Innocent’s initiatives in the sphere of crusade finance had more problematic consequences. Until now, he had argued consistently that only trained warriors should be permitted to take the cross, believing that this would create a compact and efficient crusading army. In 1213 he performed what appeared to be a volte-face, declaring that as many people as possible should be encouraged to enlist, regardless of their suitability for the holy war. This opening of the floodgates may have been triggered, in part, by the recent Children’s Crusade, which so patently demonstrated the breadth and depth of western crusade enthusiasm. Nonetheless, Innocent’s scheme had a further twist. Years earlier, when he launched the Fourth Crusade, the pope had suggested that financial donations in aid of the holy war might be rewarded with an indulgence. Now, he refined and extended that notion. Innocent hoped many thousands would enrol in his new campaign, but he announced that anyone taking the cross who proved unable to fight in person could readily redeem their crusading vow by making a cash payment and still receive a religious reward. This extraordinary reform may have been well intentioned–designed to bring the crusade both financial and military resources, and to extend the redemptive power of holy war to a wider audience, but it established an extremely dangerous precedent. The idea that spiritual merit could be bought with money spawned the development of a comprehensive system of indulgences, perhaps the most widely criticised feature of later medieval Latin Catholicism and a key factor in the emergence of the Reformation. These looming long-term consequences were not apparent in 1213, but, even so, Innocent’s innovation elicited scandalised criticism among some contemporaries and, in the course of the thirteenth century, led to grave abuses of the crusade movement.

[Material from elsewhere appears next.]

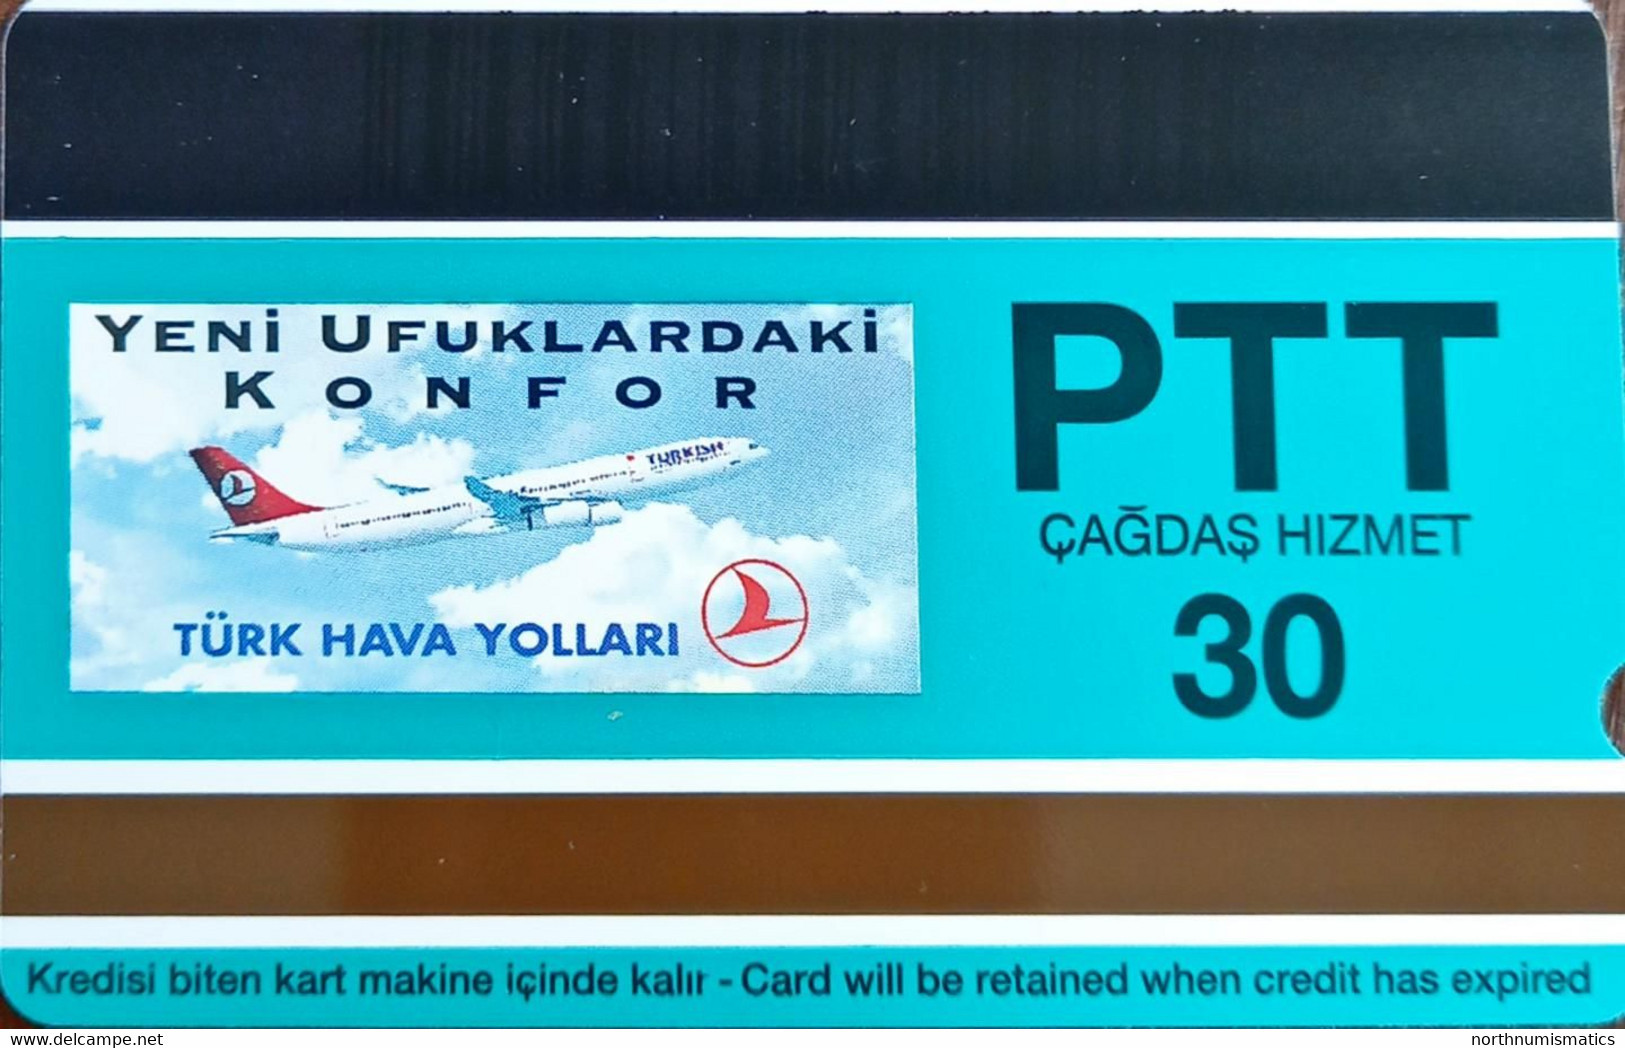 Turkey Phonecards THY Aircafts Dragon Rapid PTT 30 Units Unc - Lots - Collections
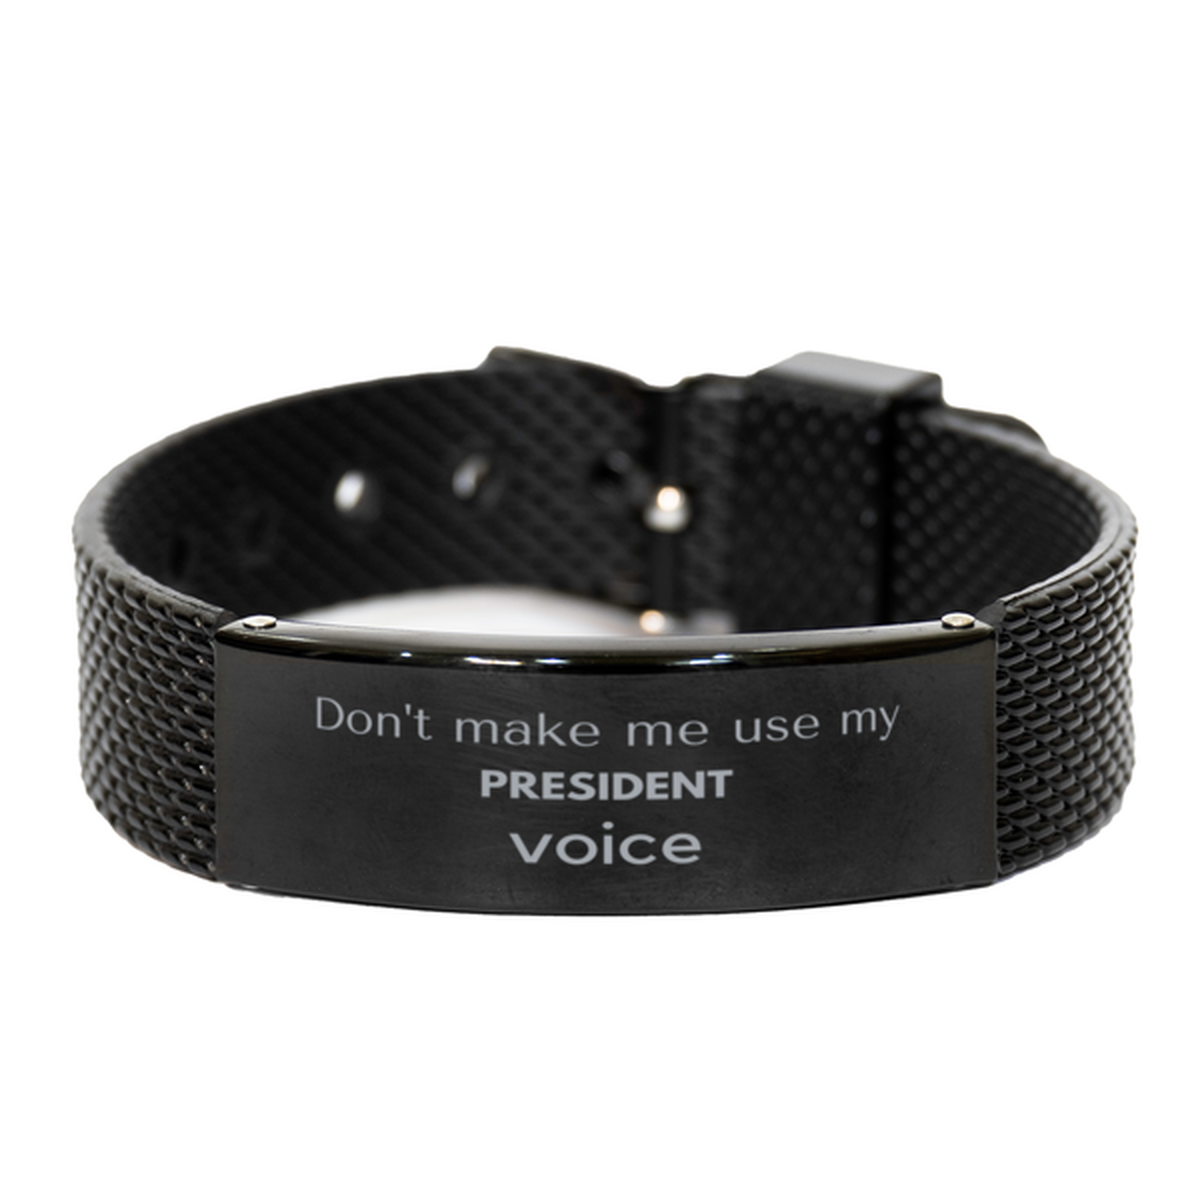 Don't make me use my President voice, Sarcasm President Gifts, Christmas President Black Shark Mesh Bracelet Birthday Unique Gifts For President Coworkers, Men, Women, Colleague, Friends

Nonetheless, the pope would not be turned from his purpose. The call for a new crusade to the Holy Land was broadcast again in 1215 at a massive ecclesiastical council (the Fourth Lateran) convened by Innocent to discuss the state of Christendom. This spectacular assembly–then the largest of its kind–affirmed the elevation of papal power achieved during Innocent’s pontificate. Ever obsessed with the drive to raise funds for the holy war, he renewed the deeply unpopular Church tax, this time at the even more scything rate of one-twentieth for three years, and appointed commissioners to ensure its careful collection.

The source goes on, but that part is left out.